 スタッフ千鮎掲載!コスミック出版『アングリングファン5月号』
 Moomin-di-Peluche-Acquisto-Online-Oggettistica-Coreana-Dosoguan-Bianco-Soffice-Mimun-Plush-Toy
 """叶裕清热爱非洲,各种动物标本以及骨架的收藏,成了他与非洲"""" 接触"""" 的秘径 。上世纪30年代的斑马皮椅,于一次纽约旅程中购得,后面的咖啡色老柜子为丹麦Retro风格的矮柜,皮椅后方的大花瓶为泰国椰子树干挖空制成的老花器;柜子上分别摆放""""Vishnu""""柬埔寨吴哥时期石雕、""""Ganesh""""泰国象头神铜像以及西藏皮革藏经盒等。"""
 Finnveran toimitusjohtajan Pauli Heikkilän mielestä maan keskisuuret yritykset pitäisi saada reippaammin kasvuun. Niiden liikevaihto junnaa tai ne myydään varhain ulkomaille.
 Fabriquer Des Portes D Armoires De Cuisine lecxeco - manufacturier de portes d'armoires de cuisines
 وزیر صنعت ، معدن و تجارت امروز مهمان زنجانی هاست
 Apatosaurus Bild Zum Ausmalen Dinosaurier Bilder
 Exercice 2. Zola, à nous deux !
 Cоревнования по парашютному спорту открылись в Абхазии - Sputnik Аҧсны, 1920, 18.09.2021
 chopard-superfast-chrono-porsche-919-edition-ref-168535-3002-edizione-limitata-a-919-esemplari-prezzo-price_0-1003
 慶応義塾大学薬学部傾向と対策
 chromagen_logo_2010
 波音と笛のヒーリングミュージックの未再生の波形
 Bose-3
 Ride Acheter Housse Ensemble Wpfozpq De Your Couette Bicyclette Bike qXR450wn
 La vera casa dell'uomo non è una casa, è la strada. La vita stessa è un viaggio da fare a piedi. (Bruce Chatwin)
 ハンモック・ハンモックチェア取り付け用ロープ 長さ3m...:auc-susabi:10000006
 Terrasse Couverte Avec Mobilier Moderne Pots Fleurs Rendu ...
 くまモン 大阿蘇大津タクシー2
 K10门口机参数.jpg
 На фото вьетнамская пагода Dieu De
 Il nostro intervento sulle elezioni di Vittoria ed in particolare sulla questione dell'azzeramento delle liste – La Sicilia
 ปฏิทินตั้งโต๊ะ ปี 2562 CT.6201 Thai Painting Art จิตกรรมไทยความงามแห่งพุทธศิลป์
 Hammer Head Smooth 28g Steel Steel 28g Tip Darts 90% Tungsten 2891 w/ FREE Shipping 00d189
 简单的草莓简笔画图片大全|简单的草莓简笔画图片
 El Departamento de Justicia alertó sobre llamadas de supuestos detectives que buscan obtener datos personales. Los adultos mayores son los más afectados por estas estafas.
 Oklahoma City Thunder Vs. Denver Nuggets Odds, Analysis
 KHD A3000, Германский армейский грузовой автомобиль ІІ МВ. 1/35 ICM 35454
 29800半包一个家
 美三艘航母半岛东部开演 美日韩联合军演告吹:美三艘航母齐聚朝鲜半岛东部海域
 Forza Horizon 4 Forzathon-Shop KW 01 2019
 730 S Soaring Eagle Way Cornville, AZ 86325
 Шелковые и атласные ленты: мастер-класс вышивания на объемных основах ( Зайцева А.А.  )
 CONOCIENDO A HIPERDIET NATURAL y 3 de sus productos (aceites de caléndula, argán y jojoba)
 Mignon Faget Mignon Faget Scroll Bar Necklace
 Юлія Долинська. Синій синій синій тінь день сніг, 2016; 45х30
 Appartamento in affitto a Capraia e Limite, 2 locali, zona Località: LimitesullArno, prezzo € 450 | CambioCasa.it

—————

*Aim of the exercise*:
The lines holding the word "prezzo" are the answer. Find them in the entries and copy them.

*Exercise response*:
 chopard-superfast-chrono-porsche-919-edition-ref-168535-3002-edizione-limitata-a-919-esemplari-prezzo-price_0-1003
 Appartamento in affitto a Capraia e Limite, 2 locali, zona Località: LimitesullArno, prezzo € 450 | CambioCasa.it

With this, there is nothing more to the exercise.